Mon Dec 30, 2013, 12:04 PM
Dec 2013

The House Select Committee on Assassinations felt that this issue needed more investigation. They took a two-pronged approach. The HSCA first had its photographic evidence panel examine CE 203 and 369, photos of Oswald, and of Lovelady. They used the tools of forensic anthropology, by which the metric and morphological characteristics of the human face can be analyzed. Going far beyond the causal and subjective "looks like" kind of analysis, they used the Penrose distance statistic to show that the man in the doorway had features very different from Oswald's. Based on the analysis of the photographic evidence panel, "the committee concluded that it was highly improbable that the man in the doorway was Oswald and highly probable that he was Lovelady" (The Report of the Select Committee on Assassinations, pp. 58).

The other approach was that of Robert Groden, who had a good knowledge of all the photographic evidence in the case. Groden analyzed three films — the John Martin film, the Robert Hughes film, and the Mark Bell film. These films showed a man in the doorway, wearing a shirt identical in appearance to the shirt on the man in the Altgens photo. But these films showed that the man wasn't Oswald, but rather was Lovelady.

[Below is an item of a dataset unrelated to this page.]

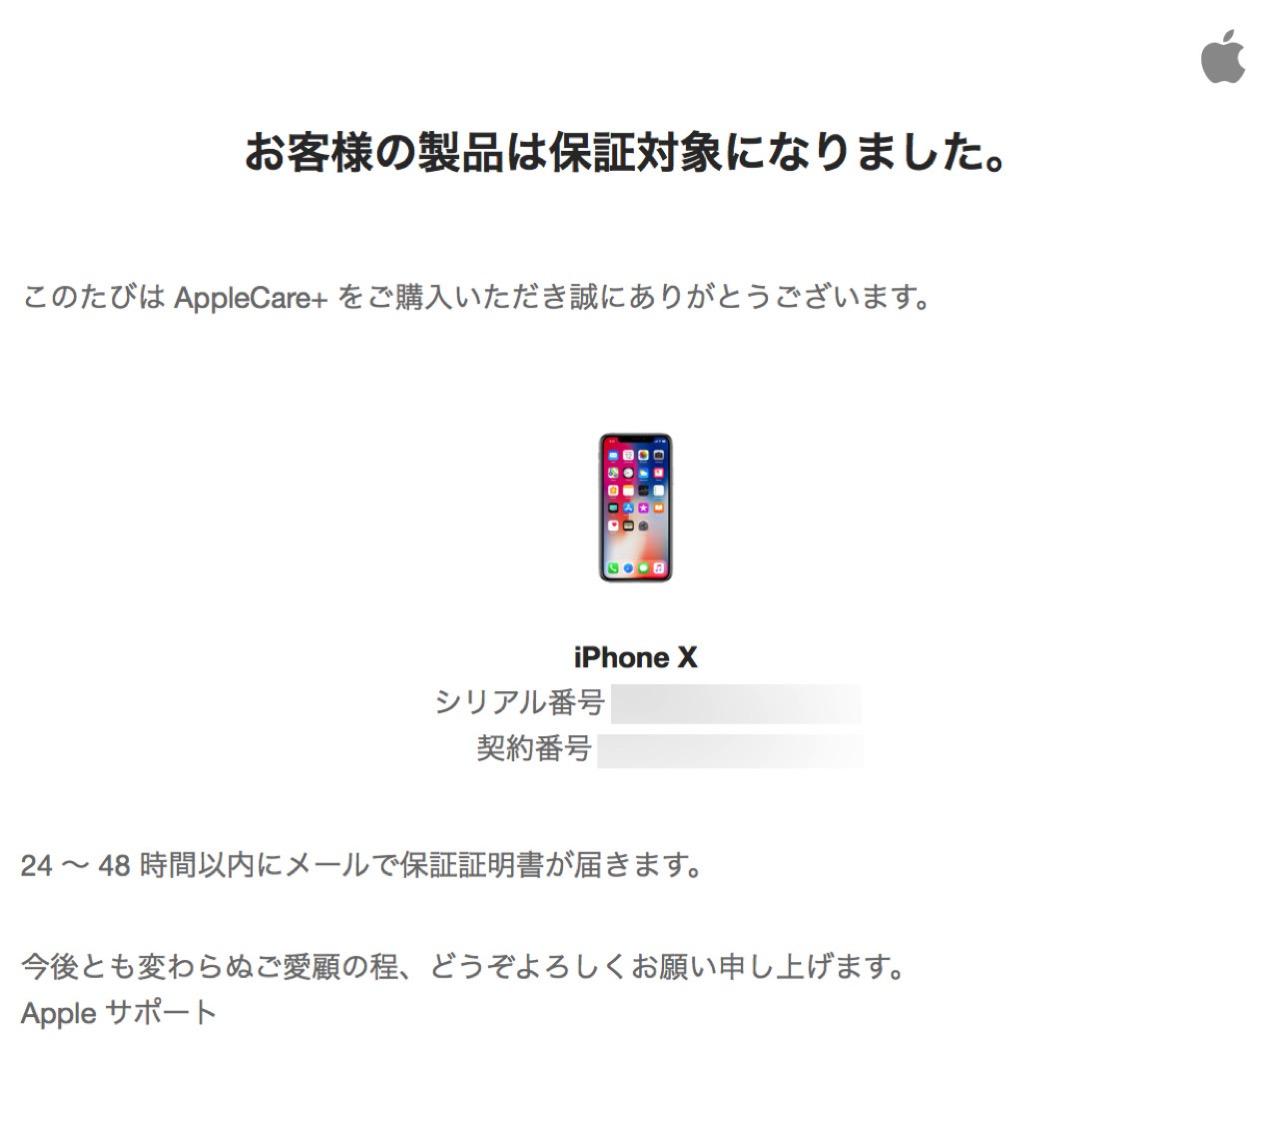 「AppleCare+」登録完了の確認
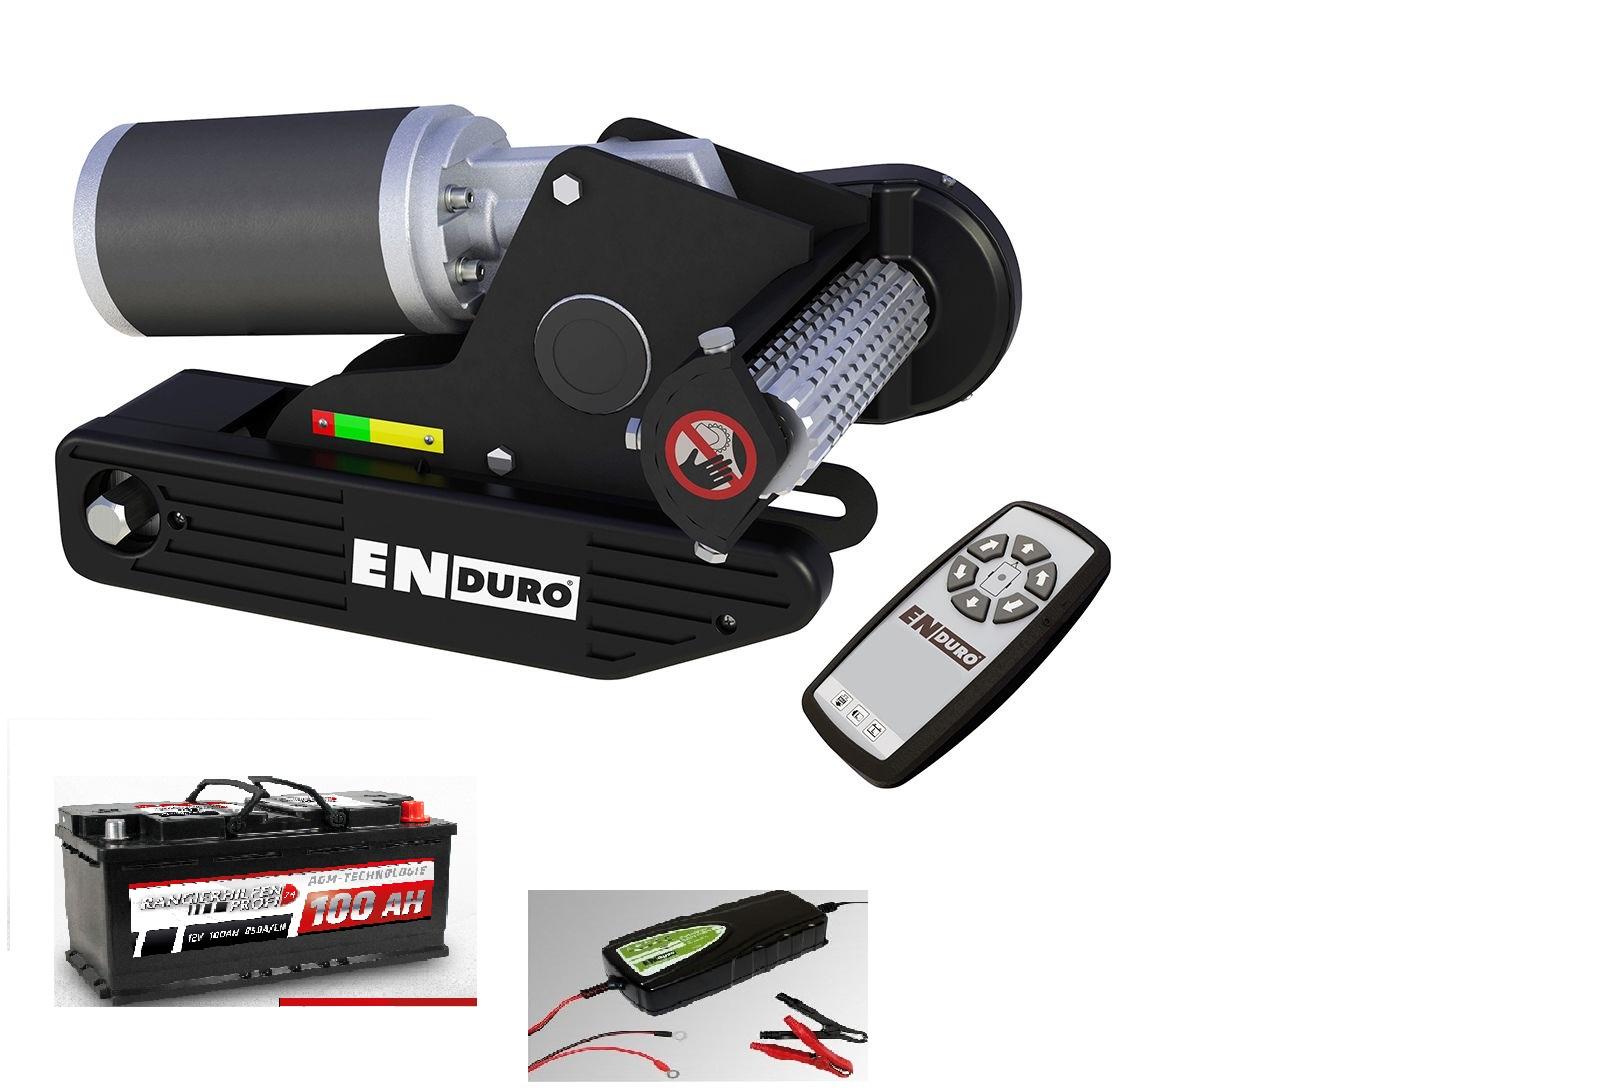 Enduro Em203 Agm Batterie 12v 100ah Ladegerät As1210 Wohnwagen

Indeed, Groden contacted Lovelady, asked him to don the shirt he had worn on November 22, 1963, and photographed him in it. The shirt, of course, was entirely consistent with all the photos from the day of the assassination (Robert Groden, The Killing of a President, pp. 186-187).
"The committee concluded that it was highly improbable that the man in the doorway was Oswald and highly probable that he was Lovelady."

Groden, a man responsible for many silly conspiracy factoids, had in fact scored a solid research coup.